#### [TASK OBJECTIVE]
Set down every line of the data exactly, skipping the pictures.

#### [DATA SHOWN]
☆ ☆ ☆ ☆

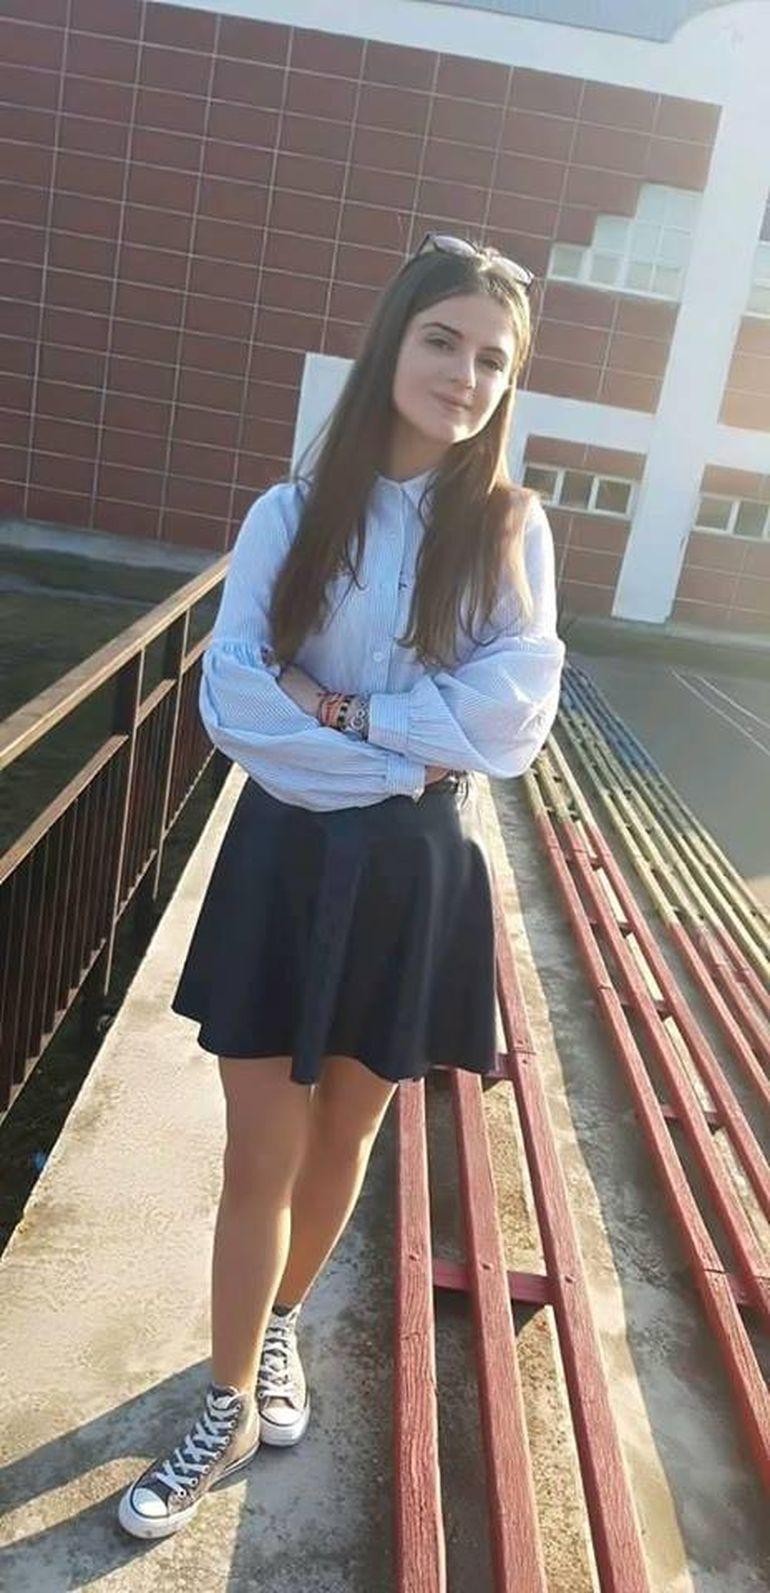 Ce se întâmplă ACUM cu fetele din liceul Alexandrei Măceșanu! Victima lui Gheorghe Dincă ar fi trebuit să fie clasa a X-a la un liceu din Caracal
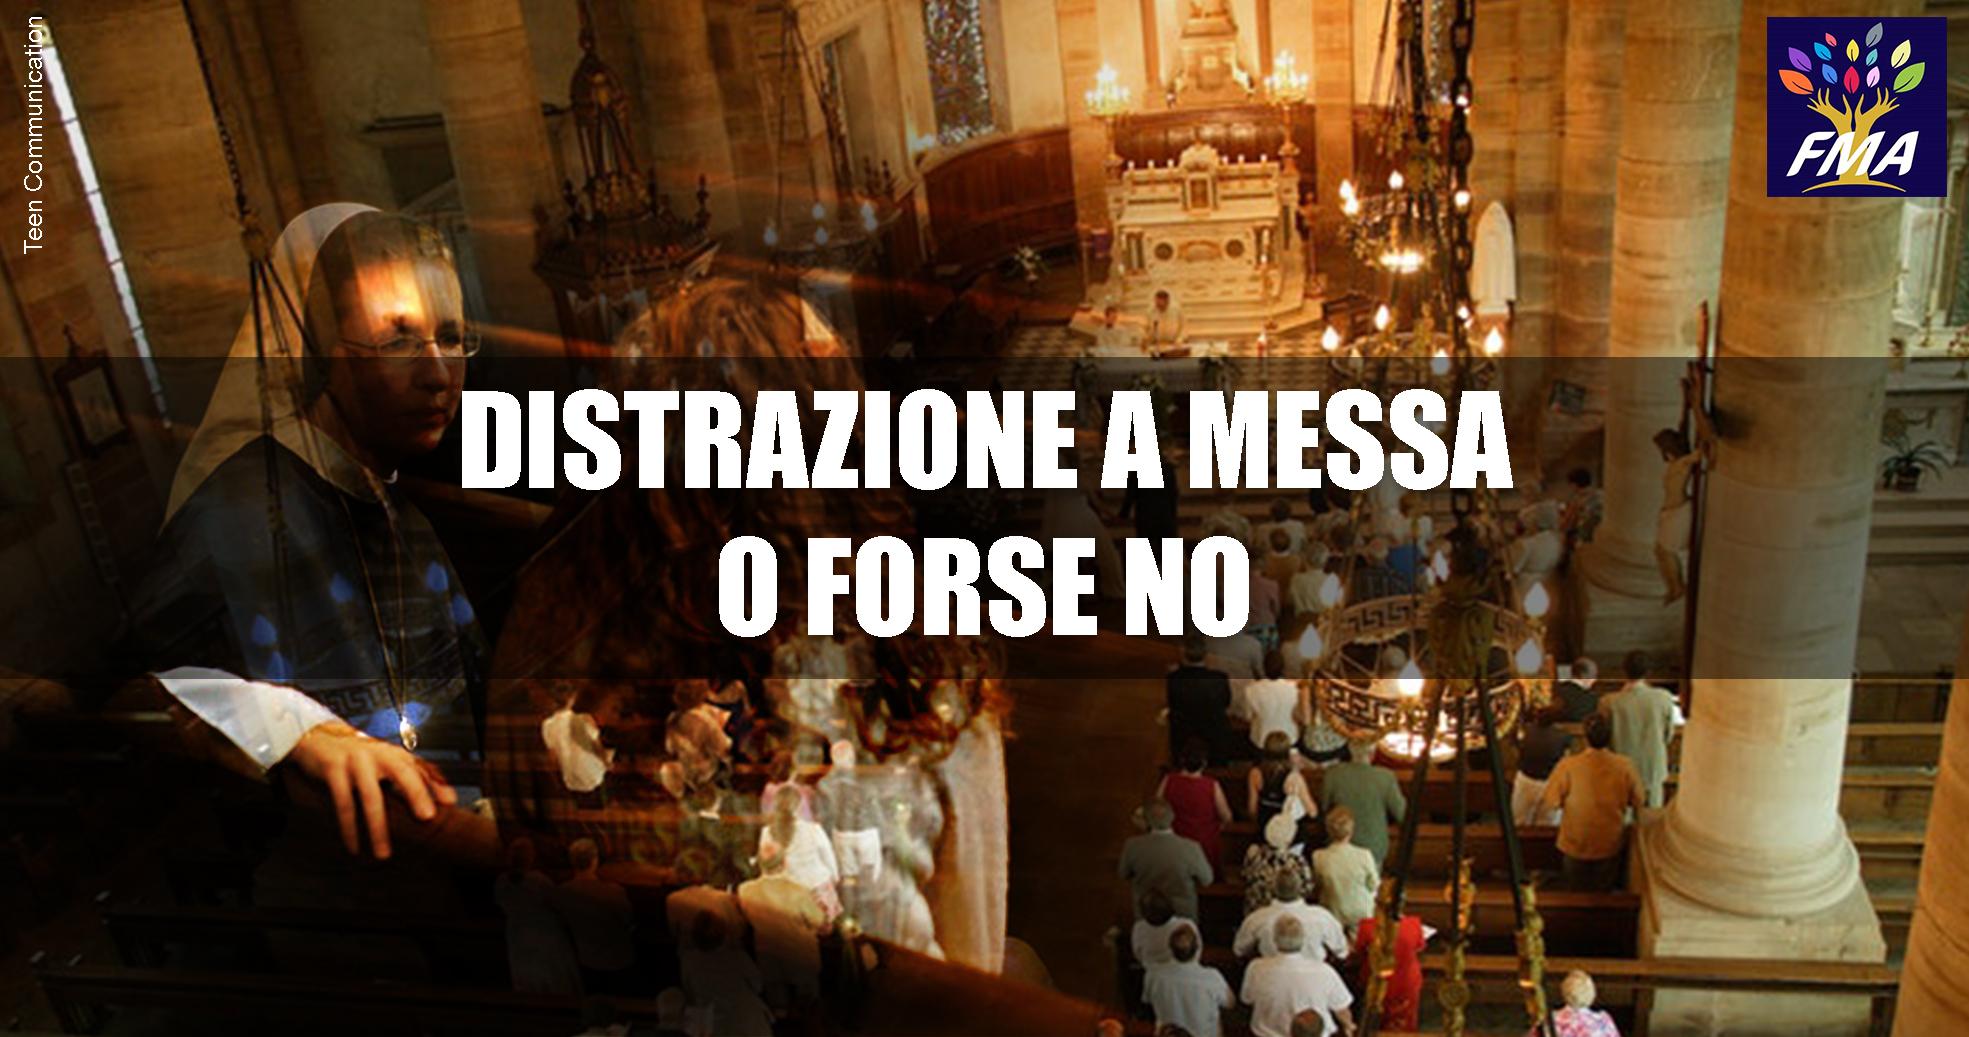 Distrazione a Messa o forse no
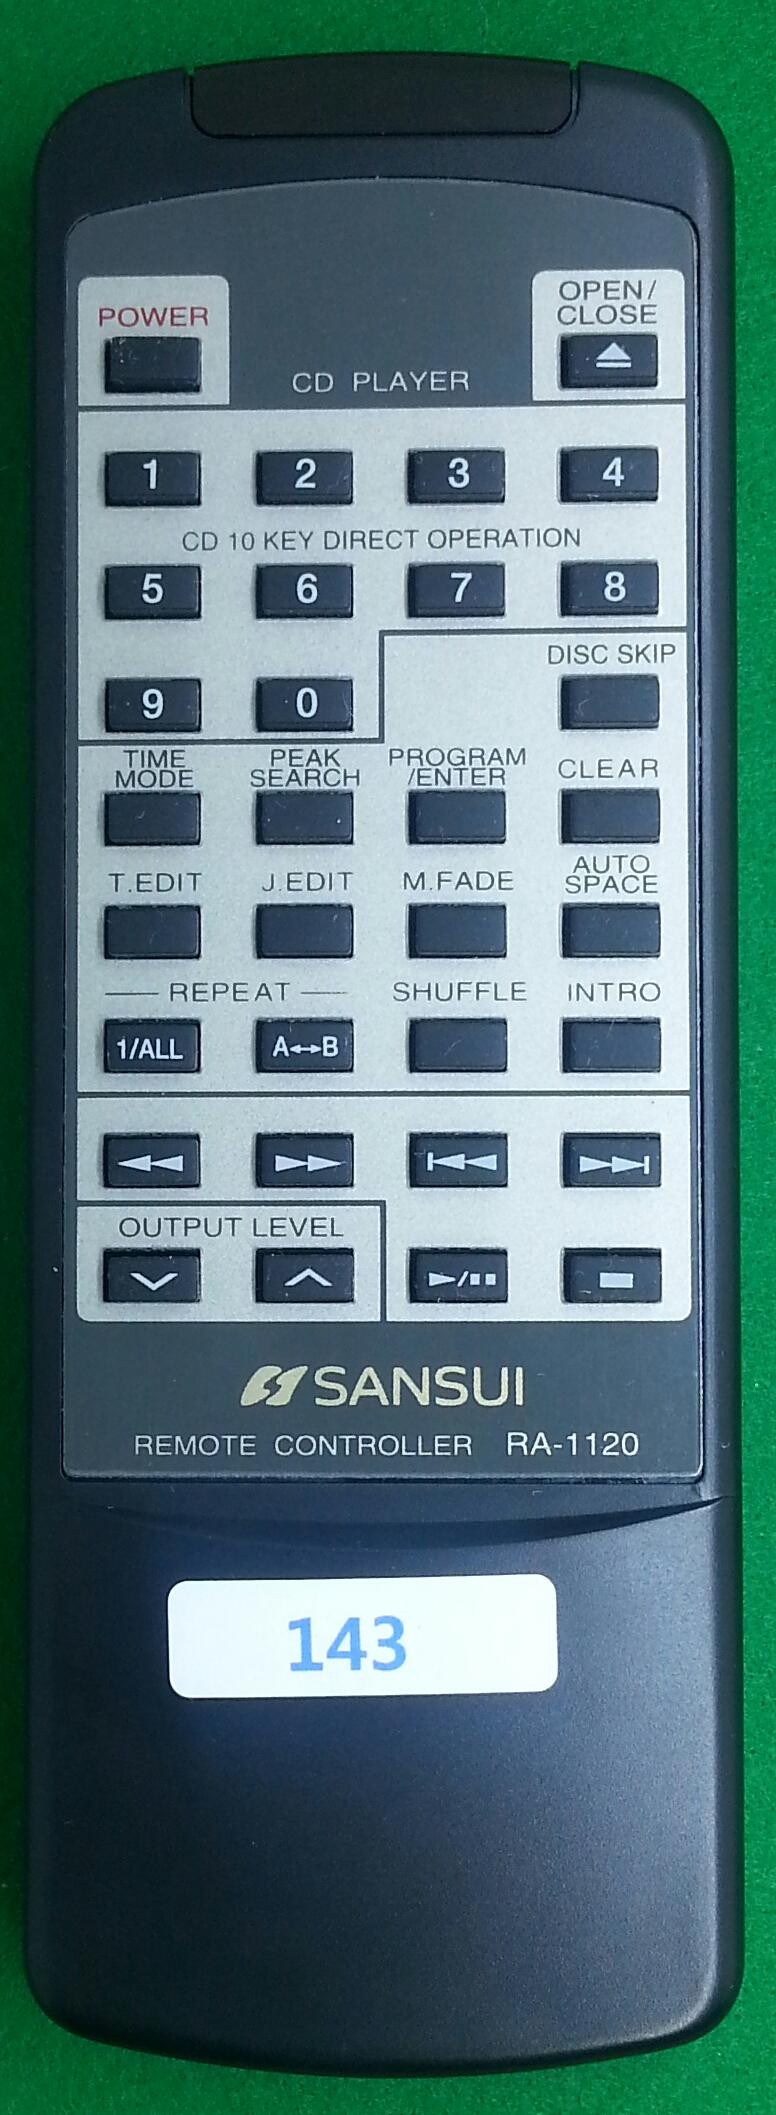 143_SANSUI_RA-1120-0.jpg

☆ ☆ ☆ ☆

#### [SOLUTION TO THIS PROBLEM]
 Ce se întâmplă ACUM cu fetele din liceul Alexandrei Măceșanu! Victima lui Gheorghe Dincă ar fi trebuit să fie clasa a X-a la un liceu din Caracal
 Distrazione a Messa o forse no
 143_SANSUI_RA-1120-0.jpg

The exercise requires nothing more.